The Earl of Ranelagh acquainted the House that he had, in command from his Majesty, a Message to deliver to this House, signed by his Majesty, and all of his own handwriting: which the said Earl delivered in to Mr. Speaker, who read the same to the House, and is as followeth, viz:

“WILLIAM R.

“His Majesty is pleased to let the House know that the necessary preparations are made for transporting the guards, who came with him into England; and that he intends to send them away immediately, unless, out of consideration to him, the Bouse be disposed to find a way for continuing them longer in his service, which his Majesty would take very kindly.”

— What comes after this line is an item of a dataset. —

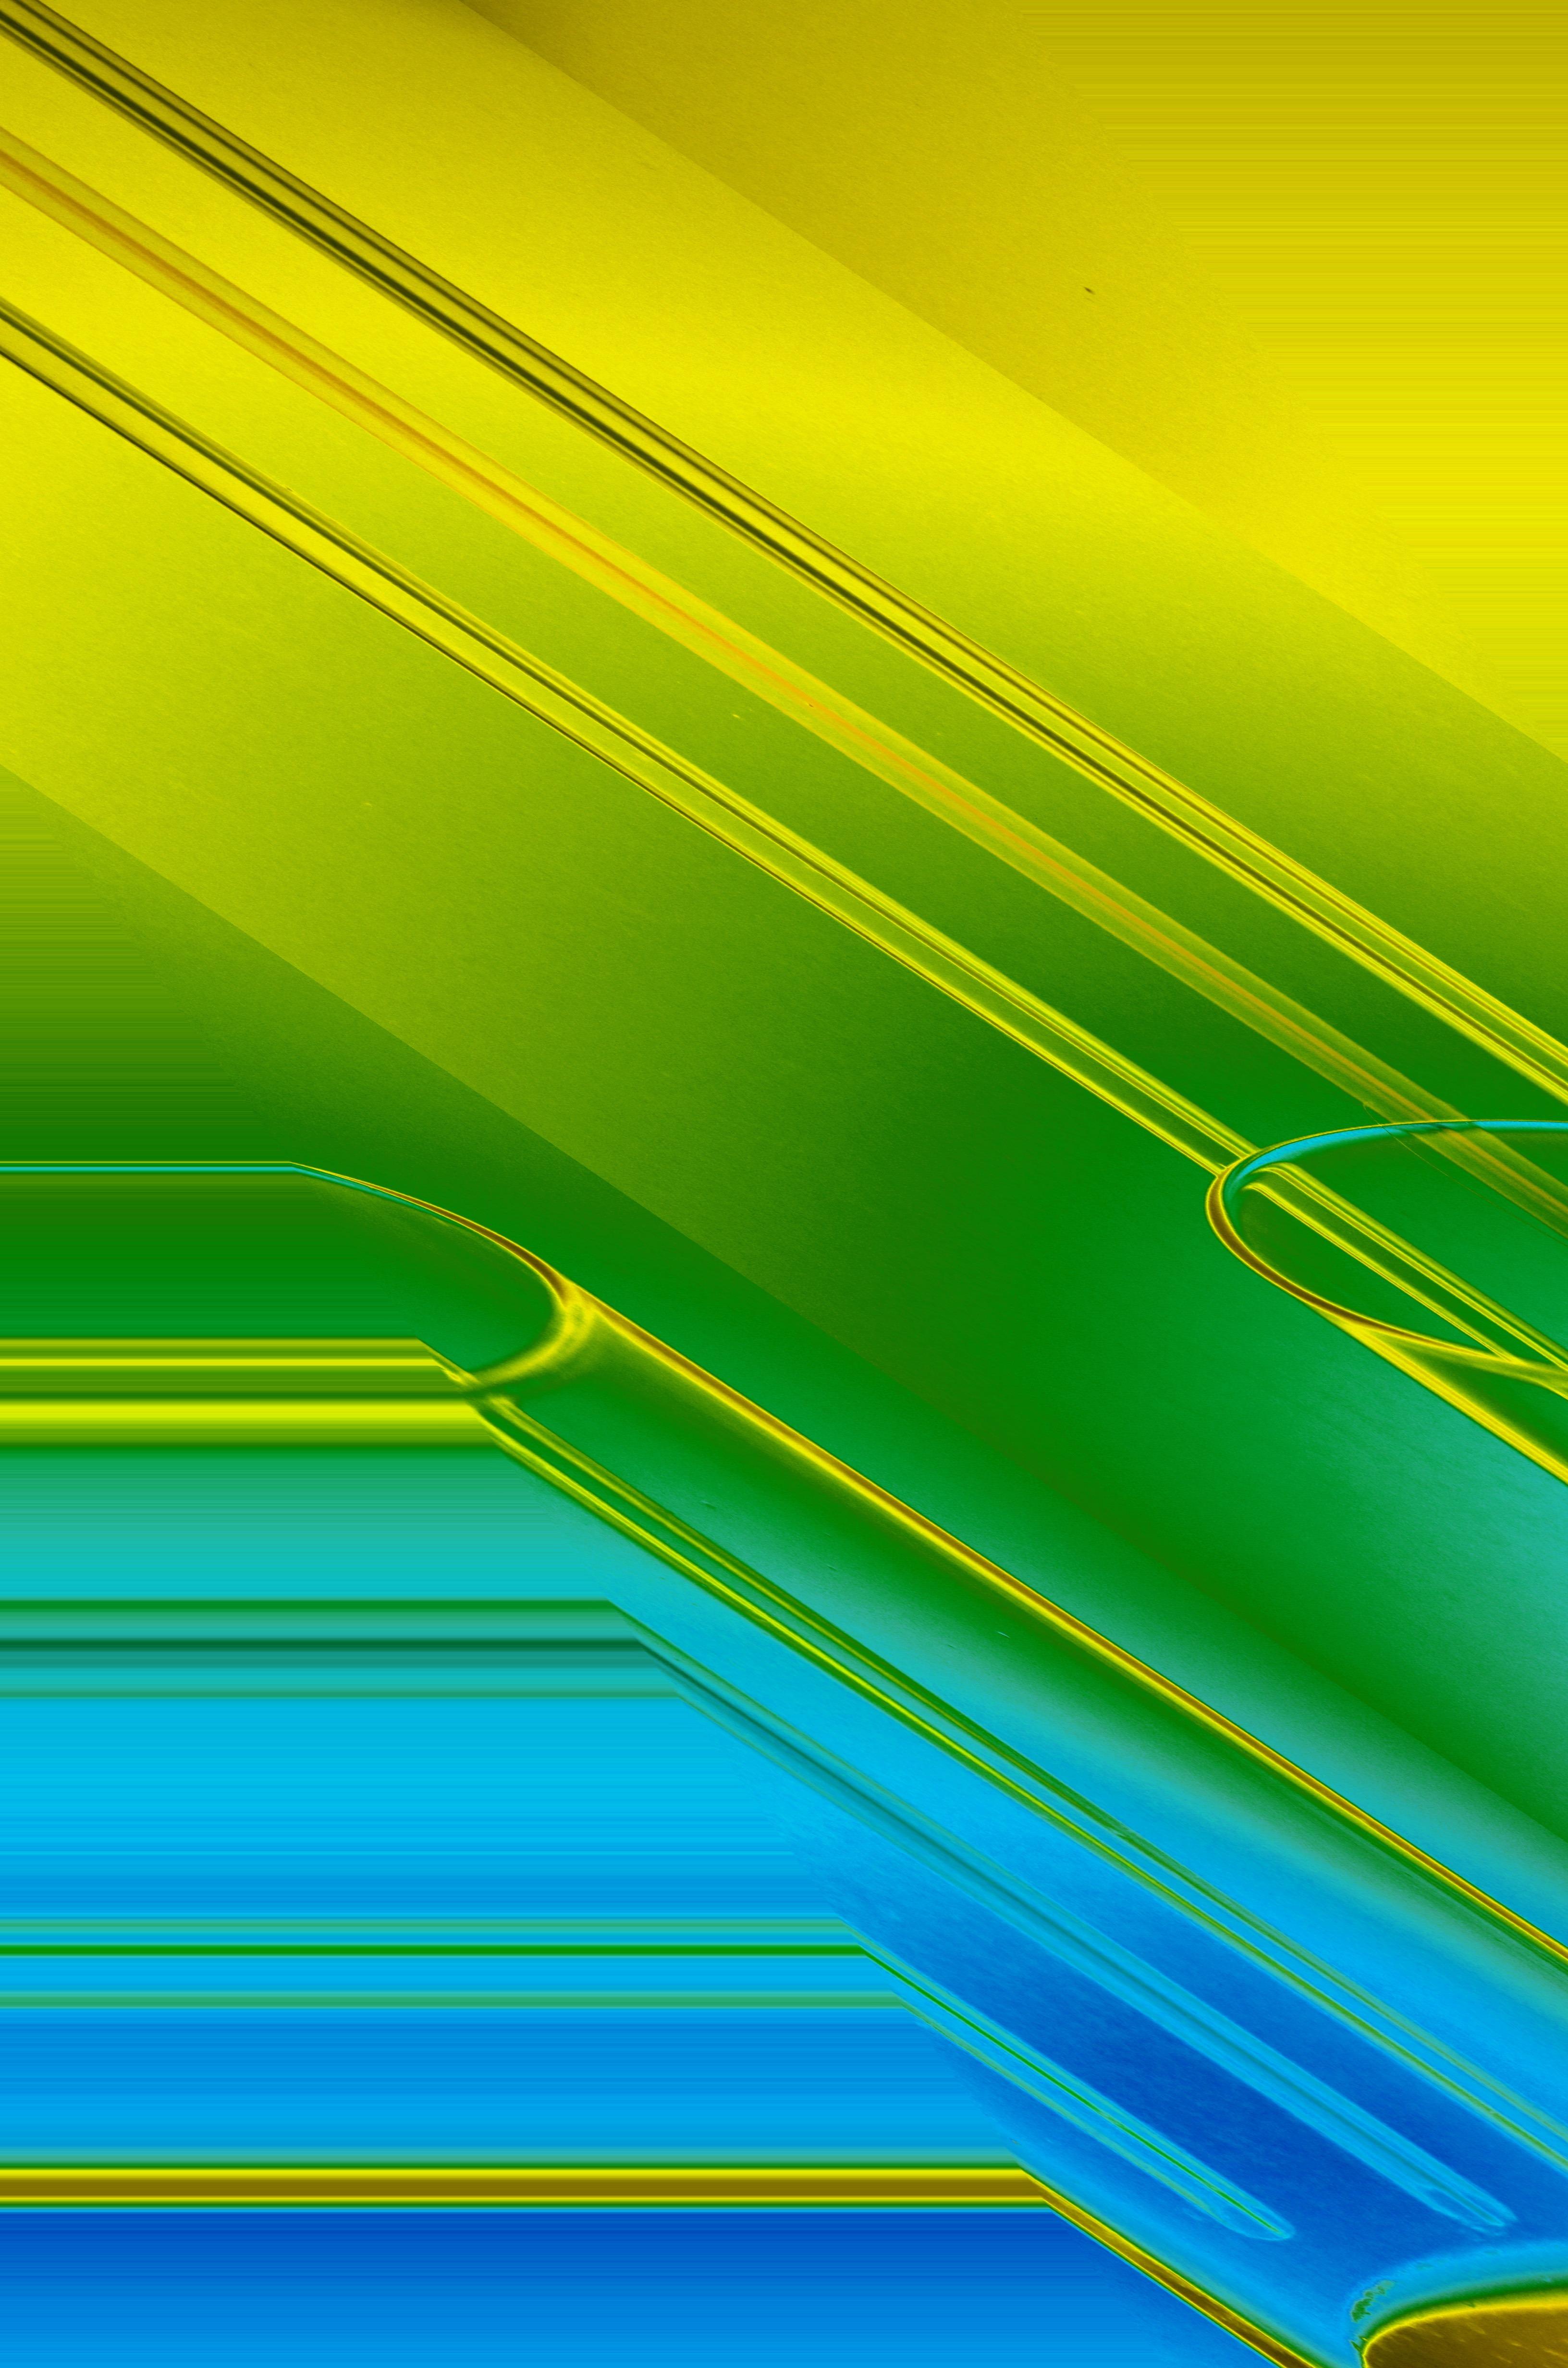 Rumput Abstrak Struktur Langit Sinar Matahari Daun Gelombang Kaca Suasana Garis Hijau Warna Kuning Modern Lingkaran

Upon which, a question being proposed that a day be appointed to consider of his Majesty’s said Message, the question was put, that that question be now put; and it passed in the negative.

20th of MARCH, 1698. The Lord Norris reported from the Committee appointed on Saturday last to draw up an humble Address to be presented to his Majesty, that they had drawn up an Address accordingly, which he read in his place, and afterwards delivered in at the Clerk’s table, where the same was read, and is as followeth:

“MOST GRACIOUS SOVEREIGN: We, your Majesty’s most dutiful and loyal subjects, the Commons in this present Parliament assembled, do, with unfeigned zeal to your Majesty’s person and Government, (which God long preserve,) most humbly represent:

“That the passage of the late act for disbanding the Army gave great satisfaction to your subjects; and the punctual execution thereof will prevent all occasion of distrust or jealousy between your Majesty and your people.

“It is, sir, to your loyal Commons an unspeakable grief, that anything should be asked by your Majesty’s message to which they cannot consent, without doing violence to that Constitution your Majesty came over to restore and preserve, and did at that time, in your gracious declaration, promise that all those foreign forces which came over with you should be sent back. In duty, therefore, to your Majesty, and to discharge the trust reposed in us, we crave leave to lay before you, that nothing conduceth more to the happiness and welfare of this kingdom than an entire confidence between your Majesty and your people; which can no way be so firmly established as by entrusting your sacred person with your own subjects, who have so eminently signalized themselves on all occasions during the late long and expensive war.”